TASK ITEM → Transcribe all the lines below exactly. Omit the pictures.

GIVEN MATERIAL →
%%
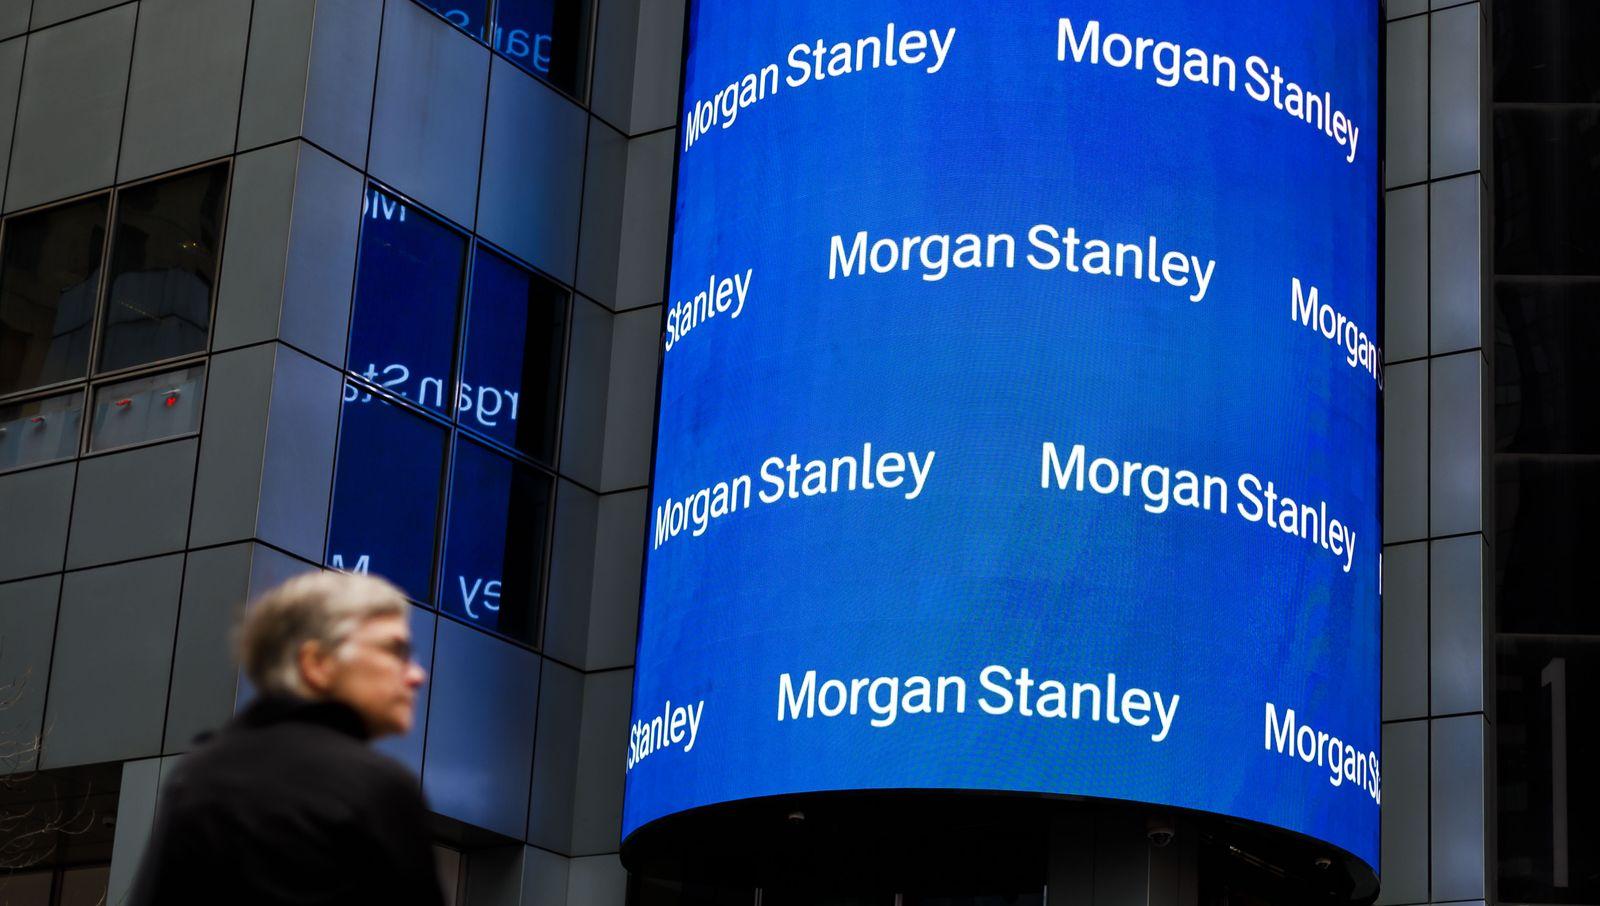 Morgan Stanley results, New York, USA - 20 Feb 2020
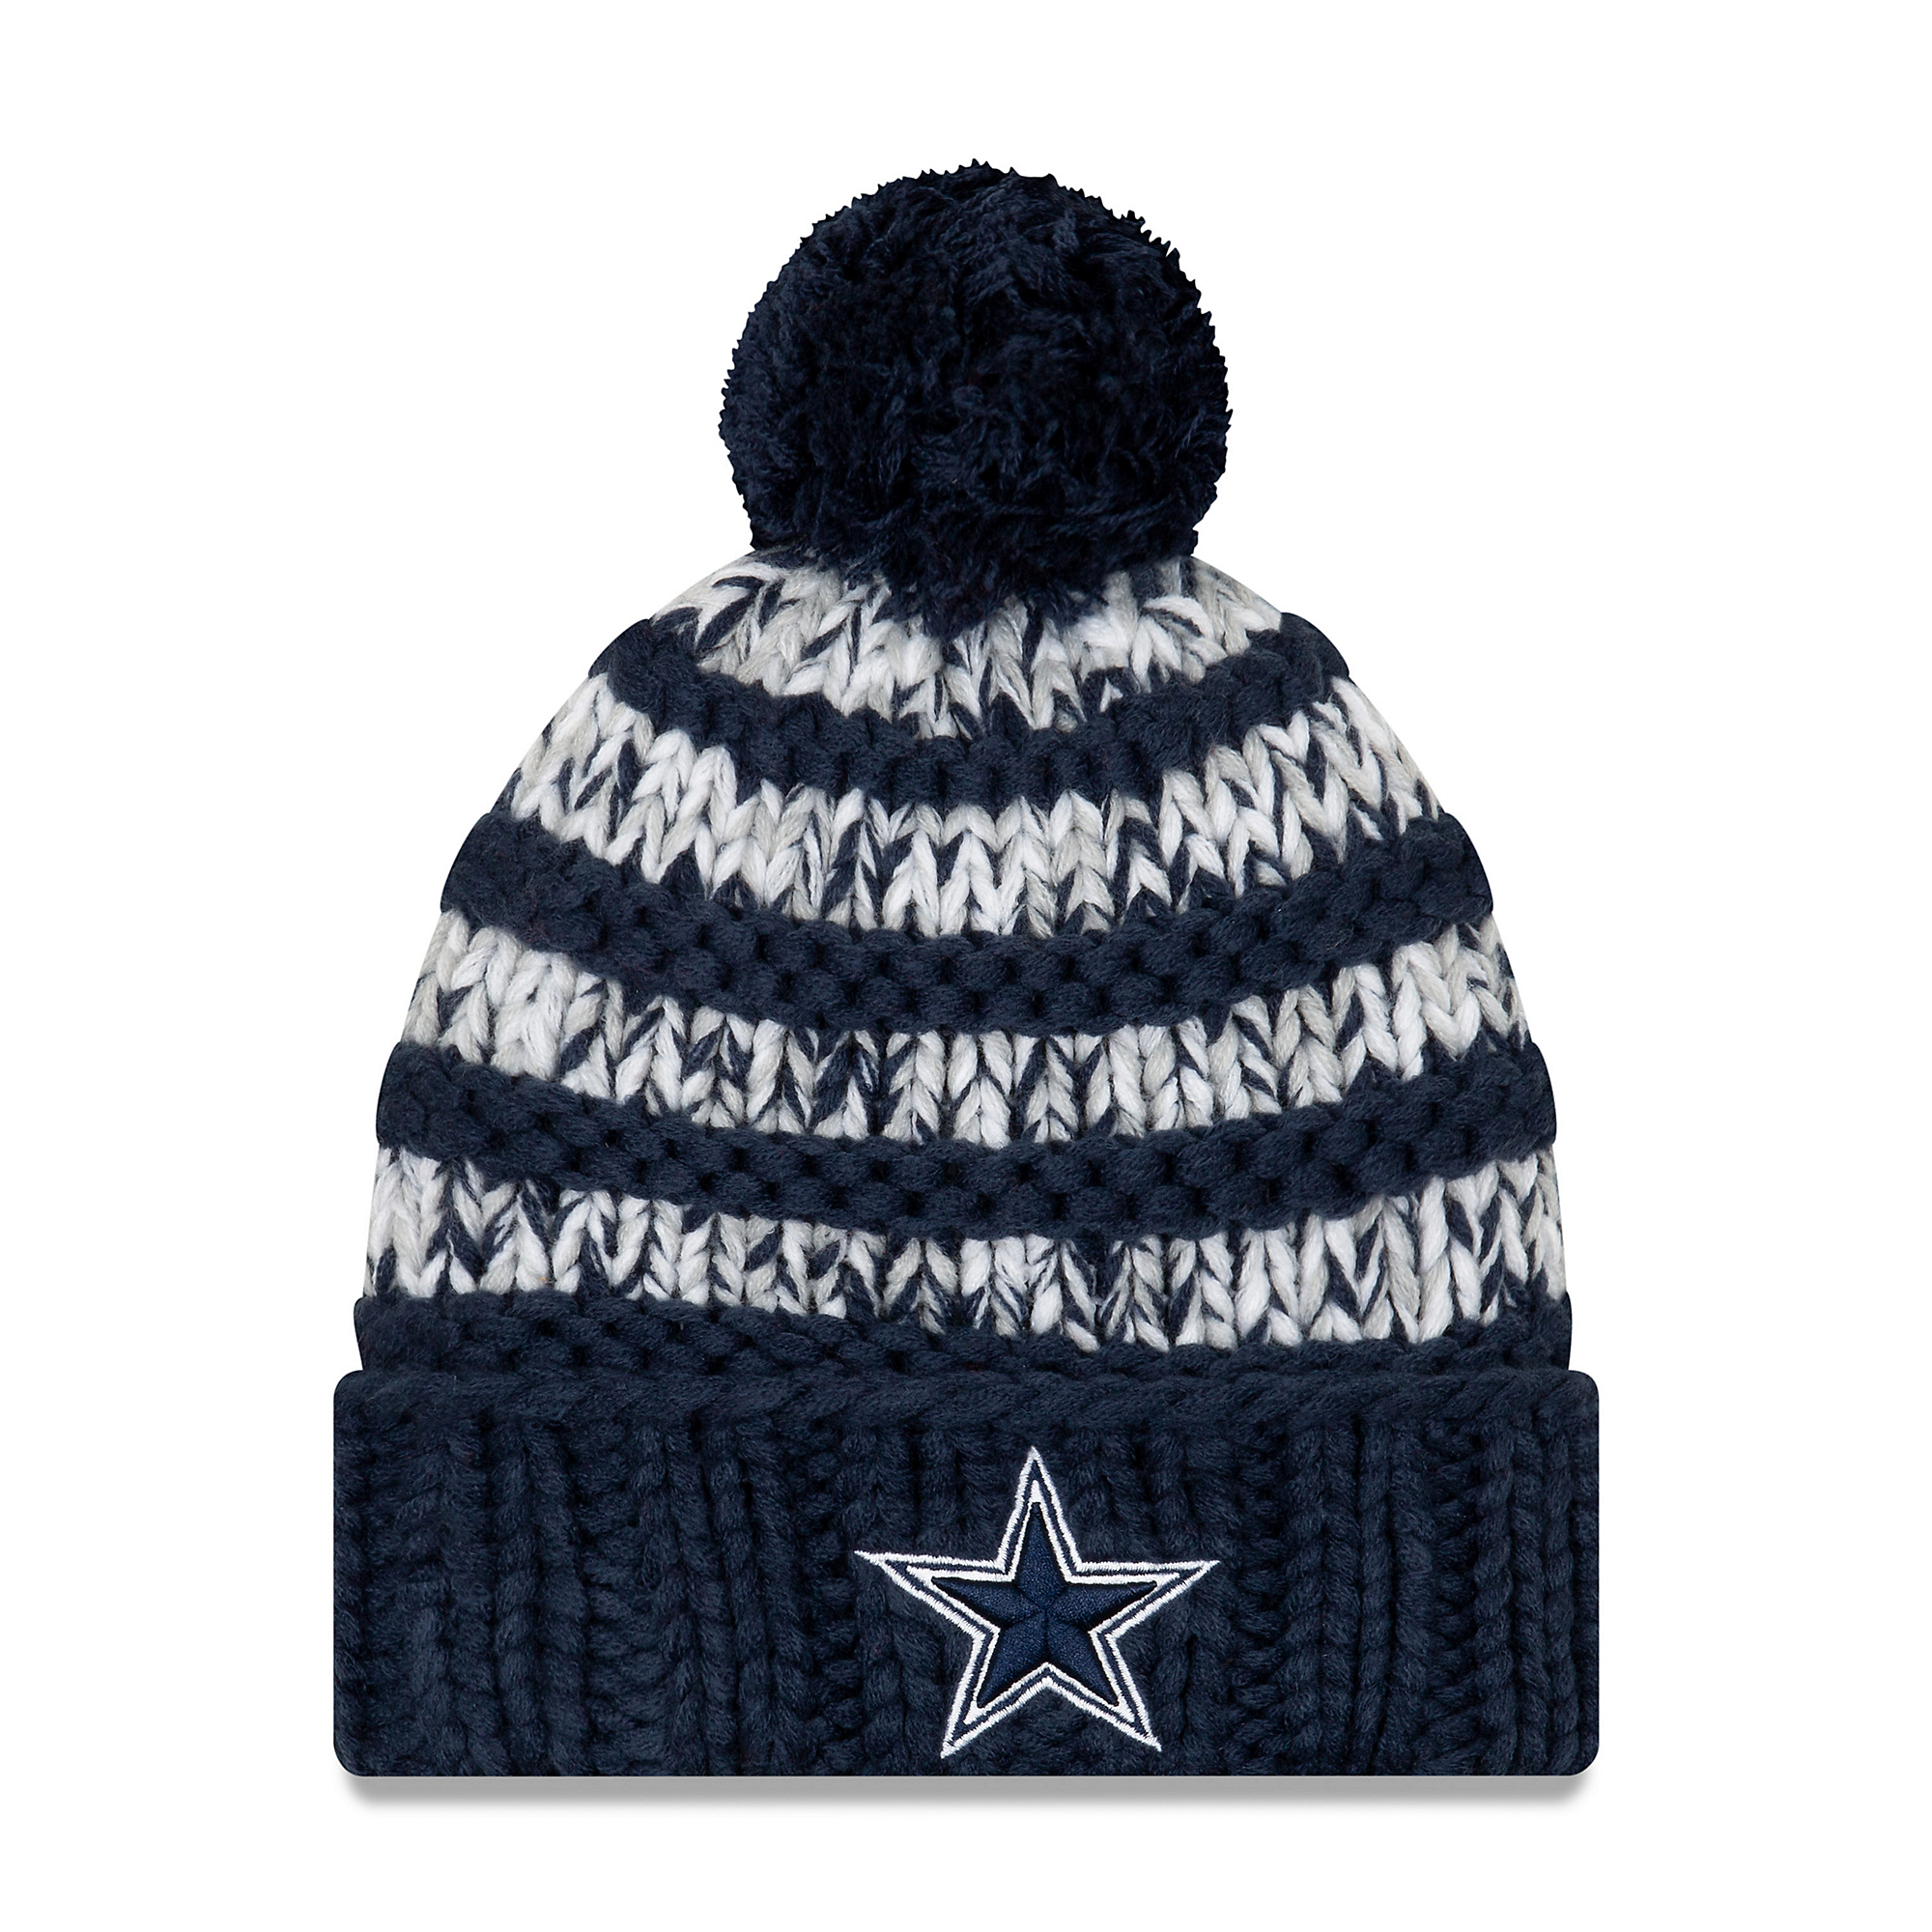 Dallas Cowboys New Era Womens Layer Knit Hat
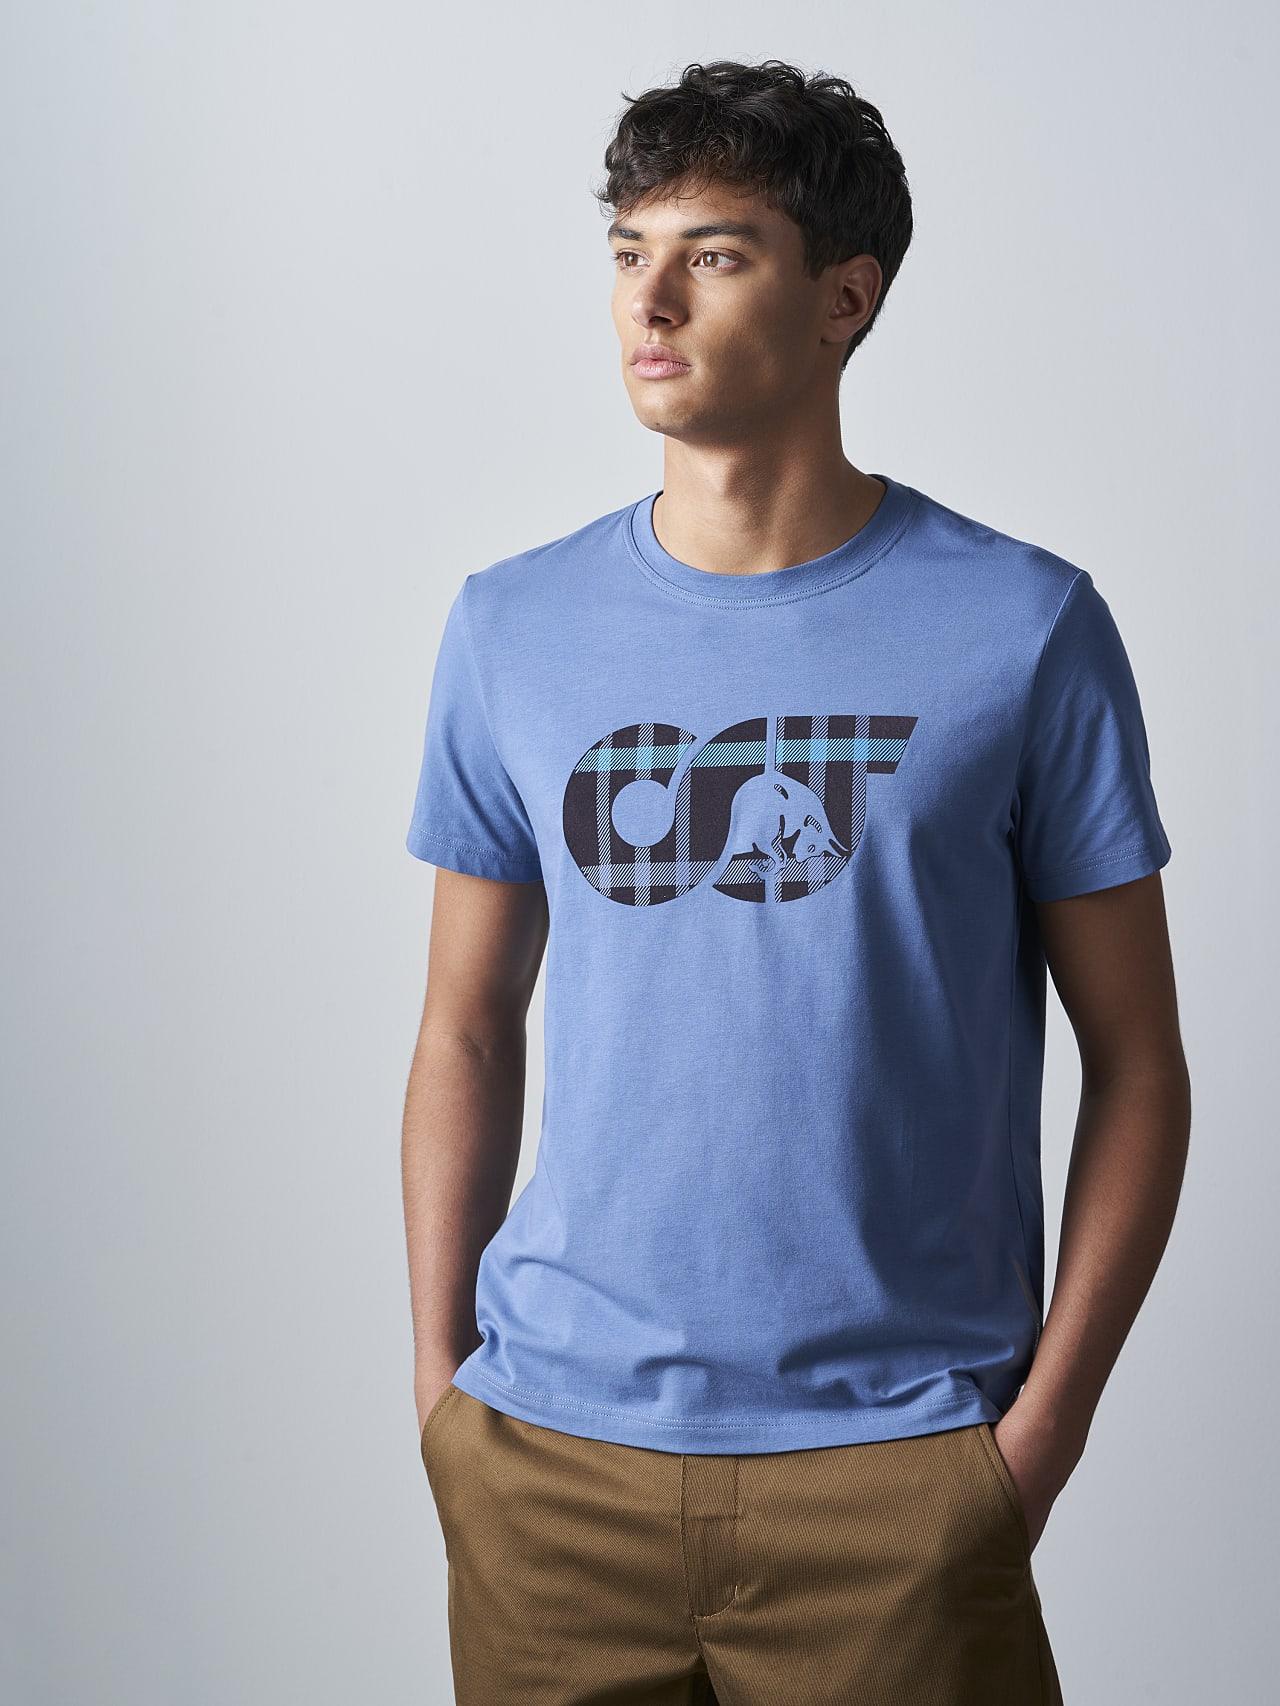 JABIS V1.Y5.02 Logo Print T-Shirt light blue Model shot Alpha Tauri
%%
RESPONSE TO THIS EXERCISE →
 Morgan Stanley results, New York, USA - 20 Feb 2020
 Dallas Cowboys New Era Womens Layer Knit Hat
 JABIS V1.Y5.02 Logo Print T-Shirt light blue Model shot Alpha Tauri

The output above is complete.